Segment Start: Exercise input

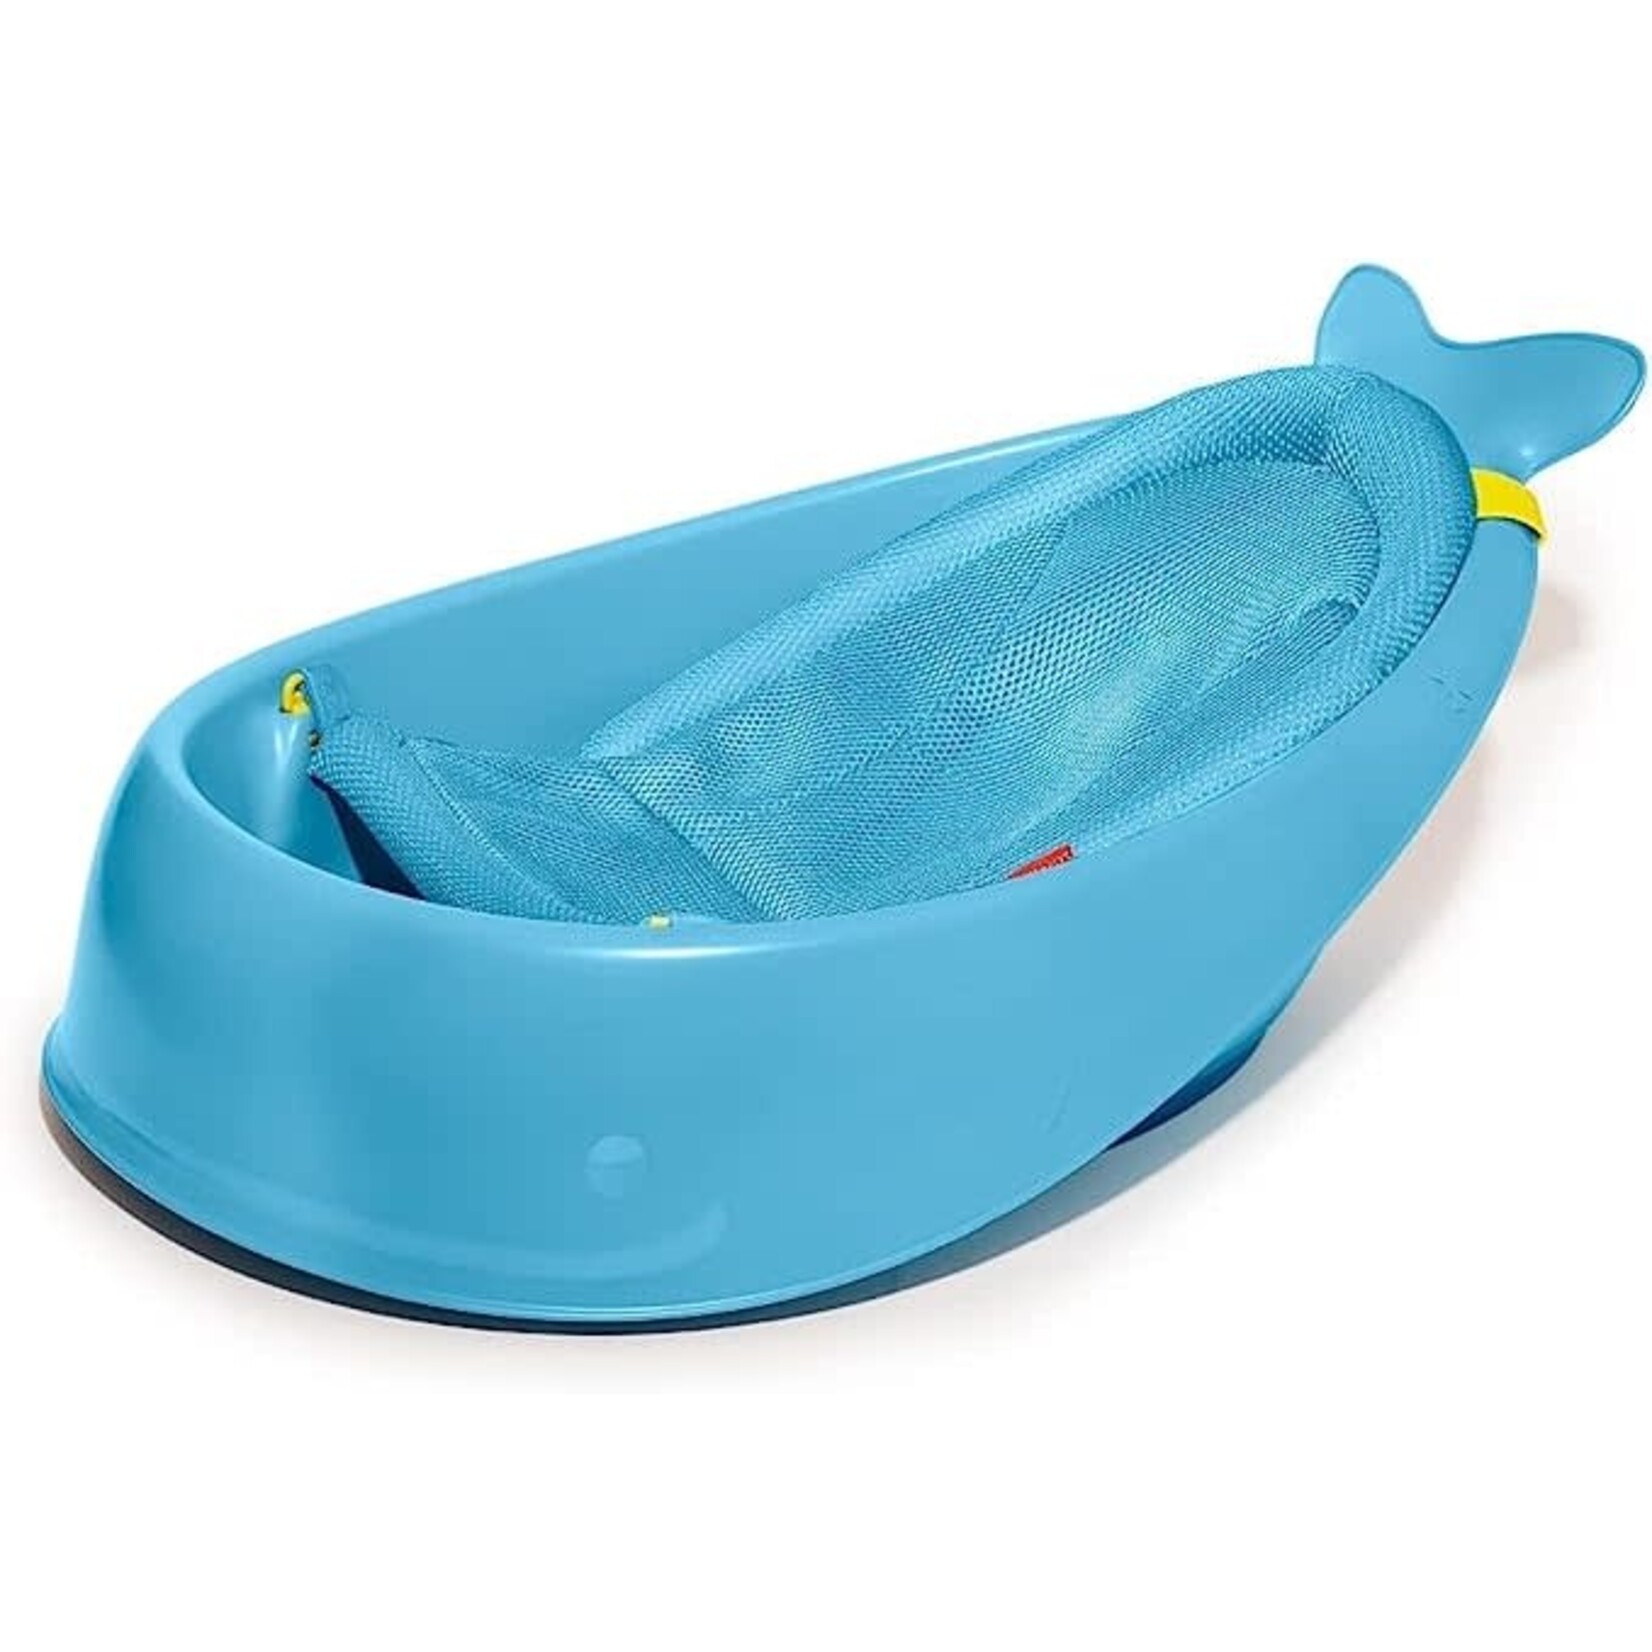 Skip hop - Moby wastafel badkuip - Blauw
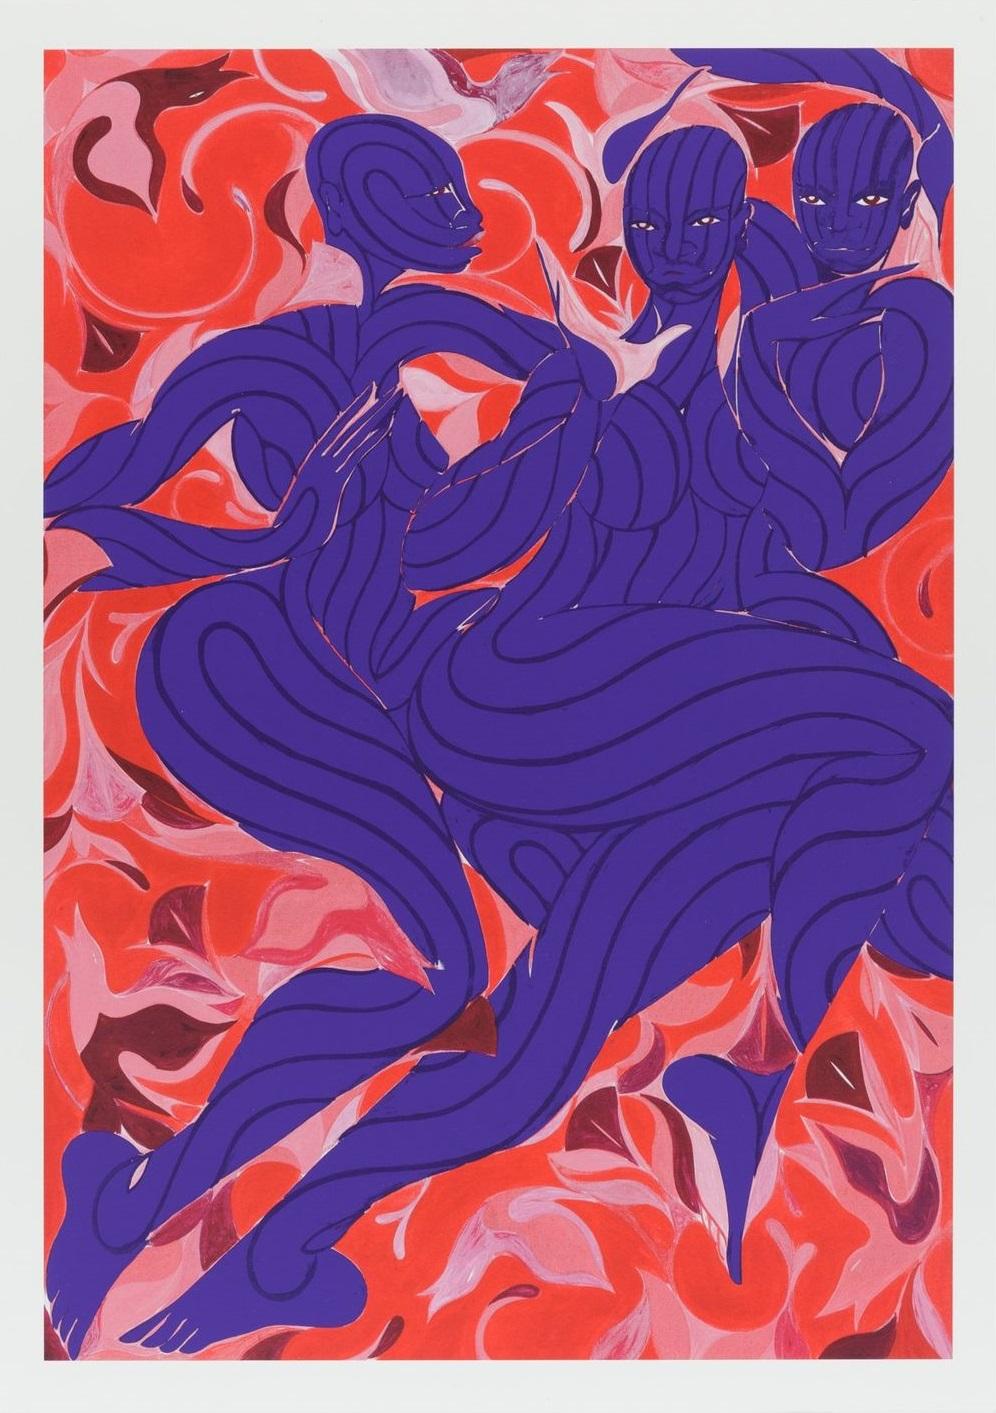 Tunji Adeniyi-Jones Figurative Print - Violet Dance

Segment End: Exercise input
Segment Start: Exercise input

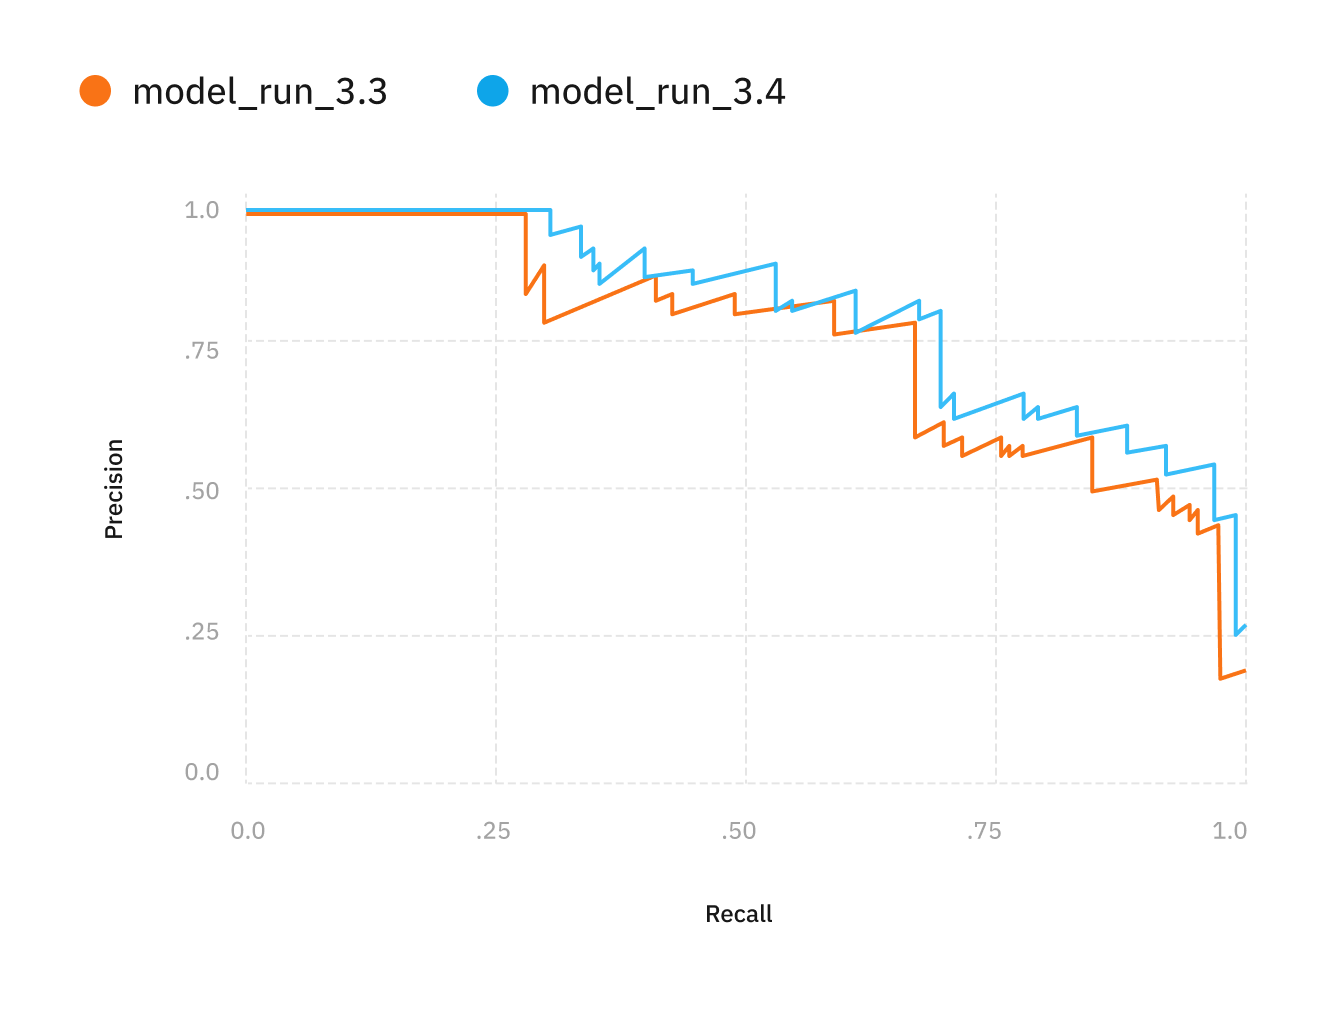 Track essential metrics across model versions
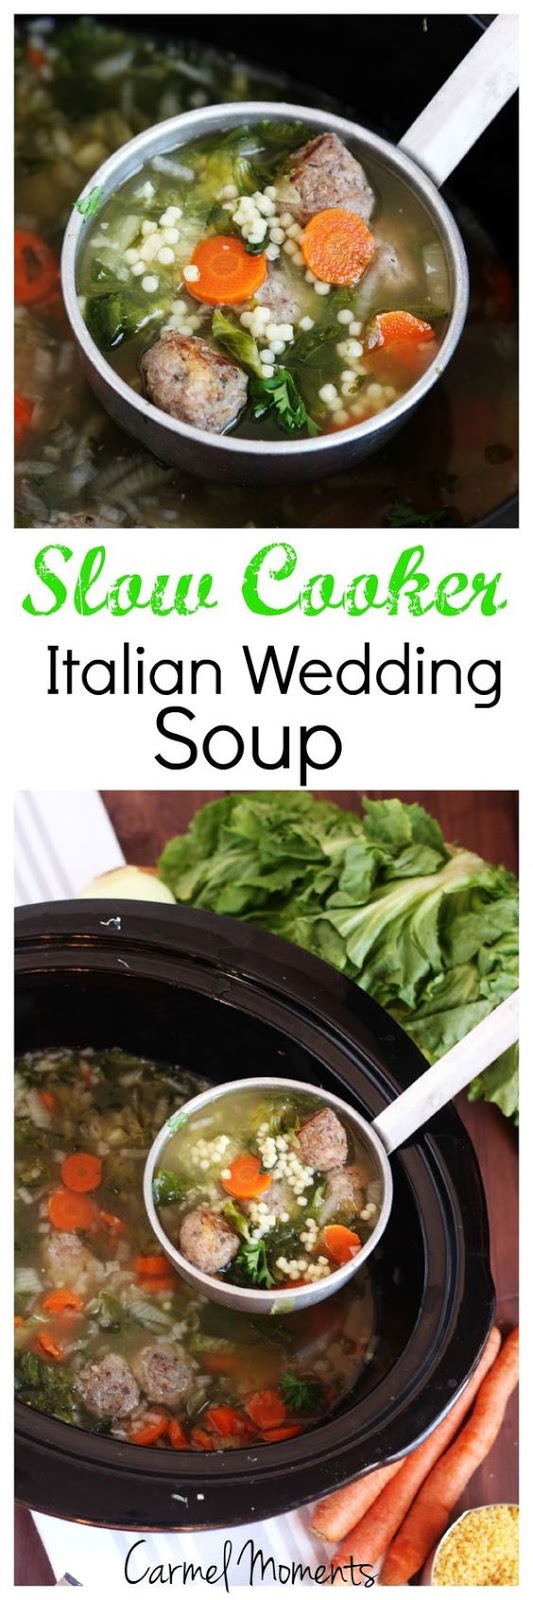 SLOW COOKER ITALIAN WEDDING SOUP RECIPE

Segment End: Exercise input

In the listing above, find the line with "Track essential metrics" and the line with "SLOW COOKER ITALIAN WEDDING SOUP RECIPE". Copy exactly those lines and all between them, minus the images.

▶ _Your response_
 Track essential metrics across model versions
 SLOW COOKER ITALIAN WEDDING SOUP RECIPE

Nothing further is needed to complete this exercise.